This week consisted of many personal records. Similar to last week, I found that I was stronger than I thought and could lift more weight than I had anticipated. I can see a huge difference in my strength and I think progressive overload is working for me. Progressive overload is when you add a little more weight to your workouts each week. I have been trying to increase my weight by 5 or 10 pounds every workout. For example, on Monday of this week I did lat pull downs of 65 pounds. On Sunday, I increased the weight by 5 pounds and was able to do 70 pounds. When I increase weight, I try to do less repetitions to not overwork my muscles. I know that at the new weight I am able to do I will eventually be able to do more repetitions, but for now I am focusing on lifting the maximum amount of weight I can, even if that means not being able to do as many repetitions.

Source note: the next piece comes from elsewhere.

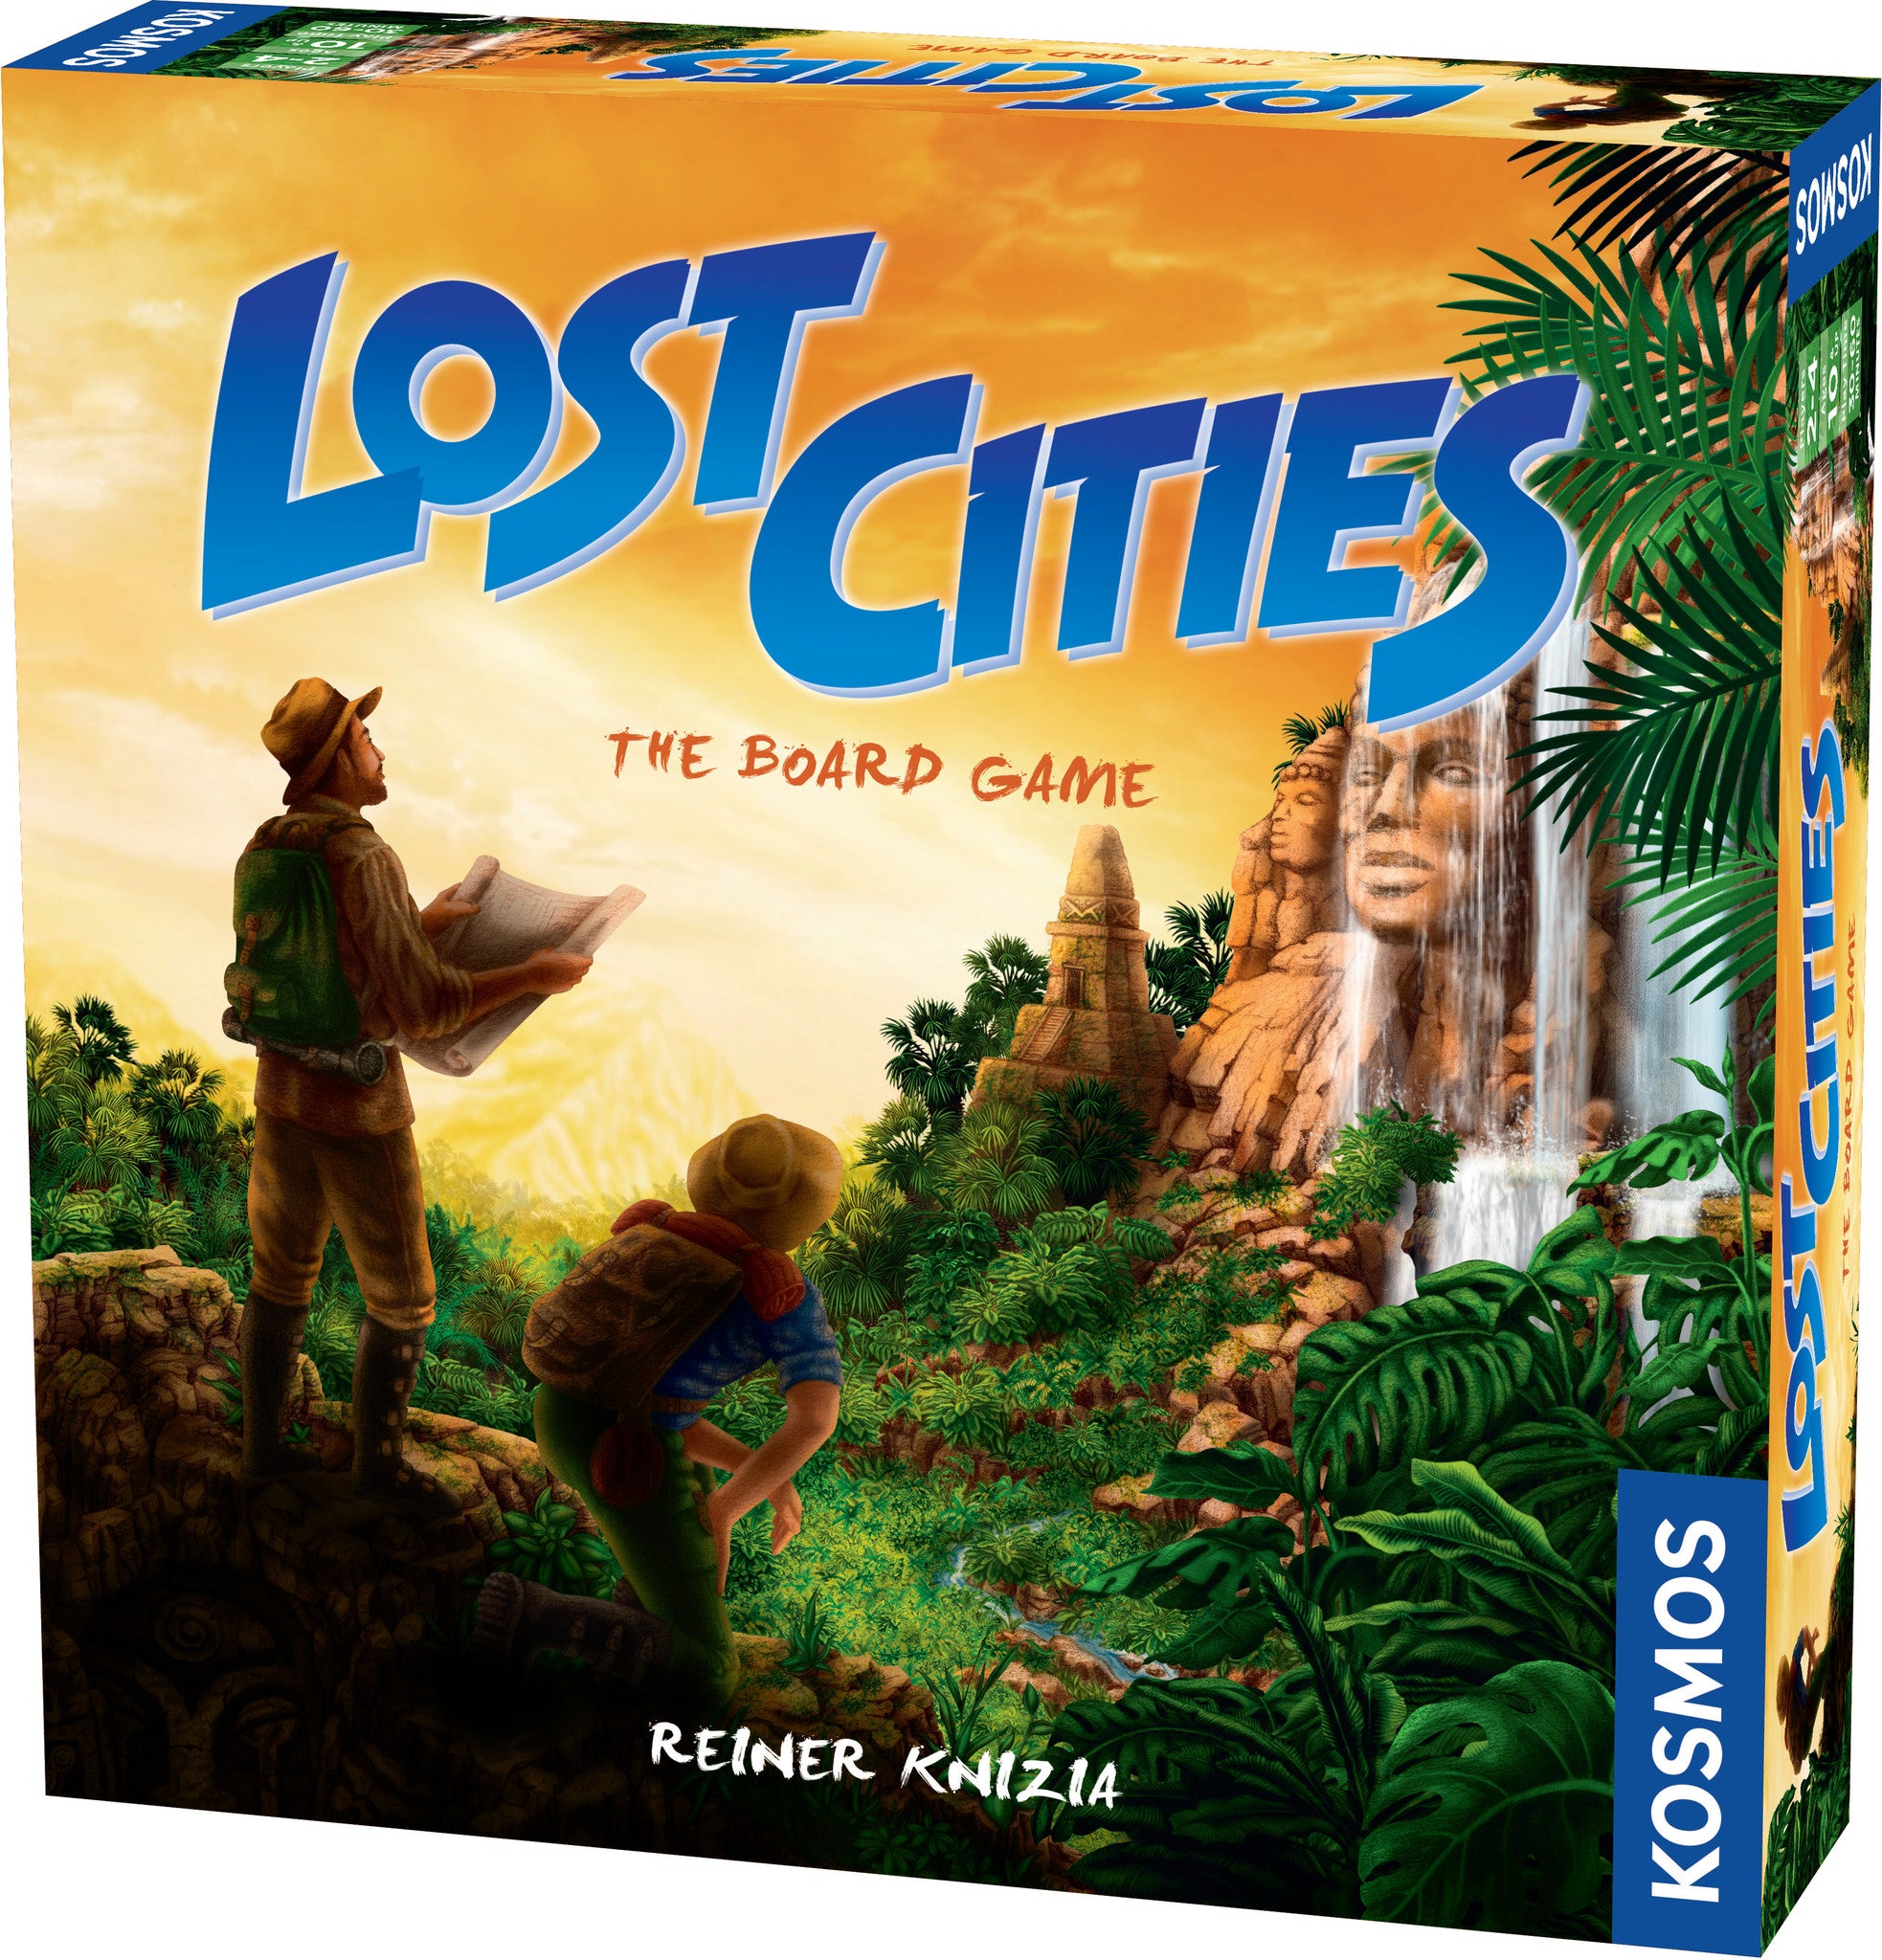 Thames & Kosmos Lost Cities The Board Game 696175
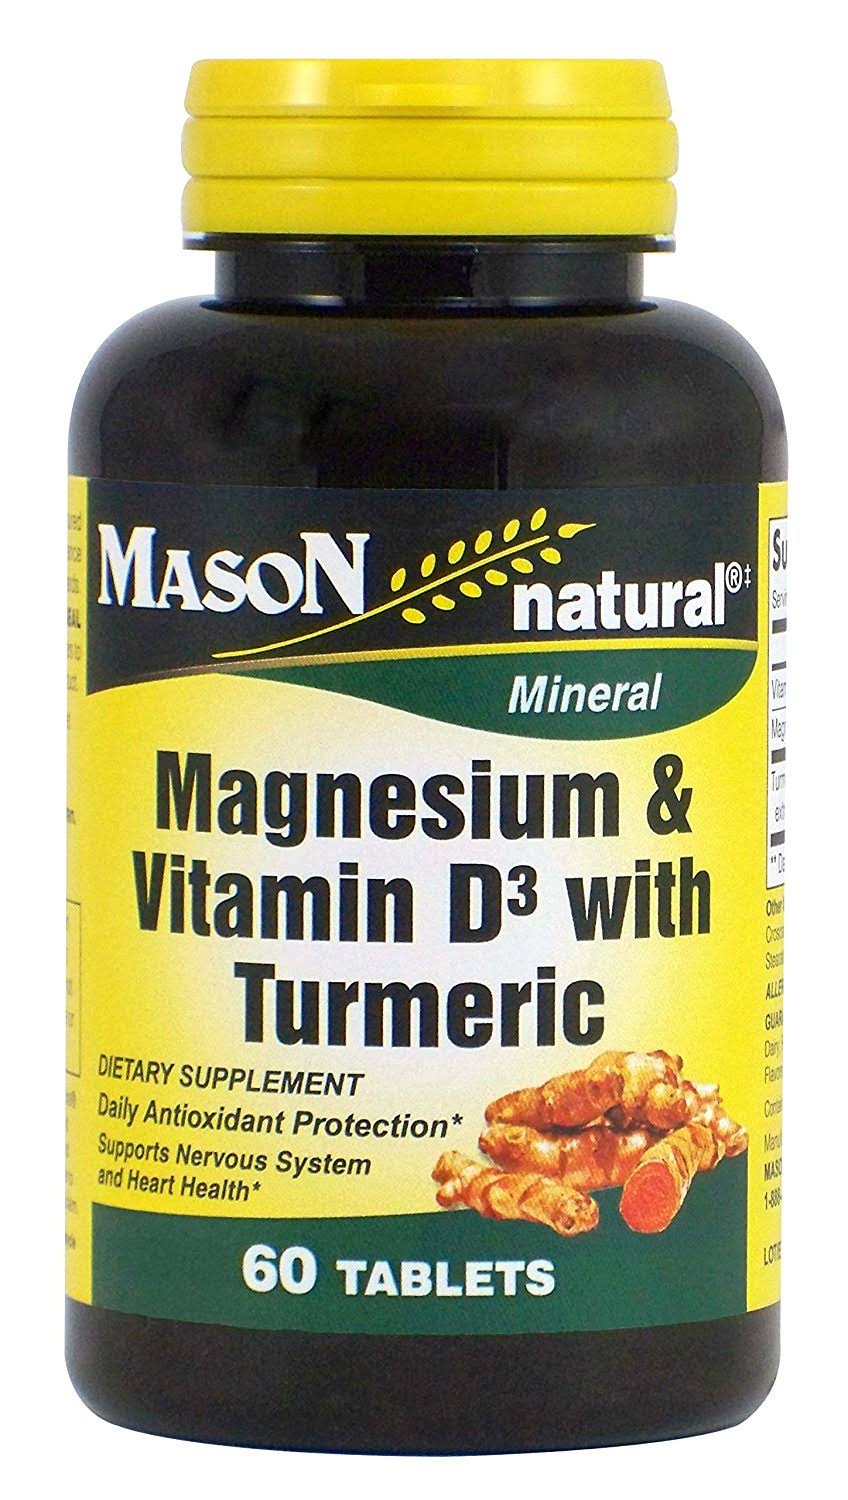 Mason Natural Magnesium and Vitamin D3 with Turmeric Dietary Supplement - 60 Tablets

This week I went on a hike up Old Baldy Mountain. I am not used to doing cardio and I have been trying to add cardio exercises into my workouts. Usually I am so burnt out by the end of my workouts that I skip cardio, but I know it is good for my health and my fitness progress. I am trying to add a little cardio at the end of my workouts even if it is only for five minutes. On Sunday I rowed for 1000m using a rowing machine. I wish I was able to do more, but I will do my best to continue to add cardio into my workouts in the upcoming weeks and hopefully see some more progress.
Monday
- Lat pull down (65lb) 4 sets of 10
- Cable row (90lb) 4 sets of 8
- Assisted pull ups (30lb decrease) 5 sets of 5
- Straight arm bent over pull down (77.5lb) 4 sets of 8
- Cable bicep curls (37.5lb) 4 sets of 10
- Half-kneeling cable vertical row (57.5lb) 4 sets of 10
- Hammer curls and bicep curls super set (12lb) 3 sets of 10
Tuesday
- Rest day
Wednesday
- Hip Thrust (135lb) 4 sets of 8
- RDL’s (85lb) 4 sets of 10
- Bulgarian split squats (20lb x 2) 4 sets of 8
- Leg press (237lb) 4 sets of 10
- Single leg press (130lb) 4 sets of 10
- Leg curl (50lb) 4 sets of 8
Thursday
- Dumbbell bench press (35lb x 2) 4 sets of 8
- Bench press – 105lb for 2 reps, 95lb for 4, 95lb for 2 sets of 5
- Tricep extension (60lb) 4 sets of 10
- Face pulls (60lb) 4 sets of 10
- Machine fly (84lb) 3 sets of 10
- Skull crushers (35lb) 3 sets of 10
- Shoulder press (25lb x 2) 3 sets of 8
- Tricep dips (25lb decrease) 3 sets of 10
- Barbell upright row (43lb) 3 sets of 10
- Barbell over head press until failure (35lb)
Friday
- Rest day
Saturday
- Hike up Old Baldy Mountain
Sunday
- Lat pull down (70lb) 4 sets of 8
- Straight arm bent over pull down (77.5lb) 4 sets of 8
- Cable bicep curls (30lb) 3 sets of 10
- Bent over barbell rows (75lb) 4 sets of 8
- Assisted Pull ups (25lb decrease) 5 sets of 5
- Assisted Chin ups (17.5lb decrease) 5 sets of 5
- Half-kneeling cable vertical row (65lb) 4 sets of 8
- Hammer curls (15lb x 2) 3 sets of 10
- 1000m row
brianmajic
February 26, 2022 — 4:54 pm
Hi Liv,
I am very happy to see that you are exploring progressive overload and that it is working for you. It is a very useful tactic. As I have been playing hockey throughout the year, I have been focussing less on building muscle and more on maintaining, and now that hockey is beginning to phase out, progressive overload is working wonders once again for me. There is definitely a conflict in that you must sacrifice reps in order to increase the weight, however, soon enough you will be able to reach the same reps at the lower weight.
I hope that you are able to continue to include cardio in your workouts. I think that you will find that you will notice better results, specifically muscle growth, if you include cardio at the end of your workouts. While you could include it at the start, doing cardio before a workout tends to put more emphasis on cardiovascular endurance than it does on muscle growth.
I am looking forward to seeing more progress!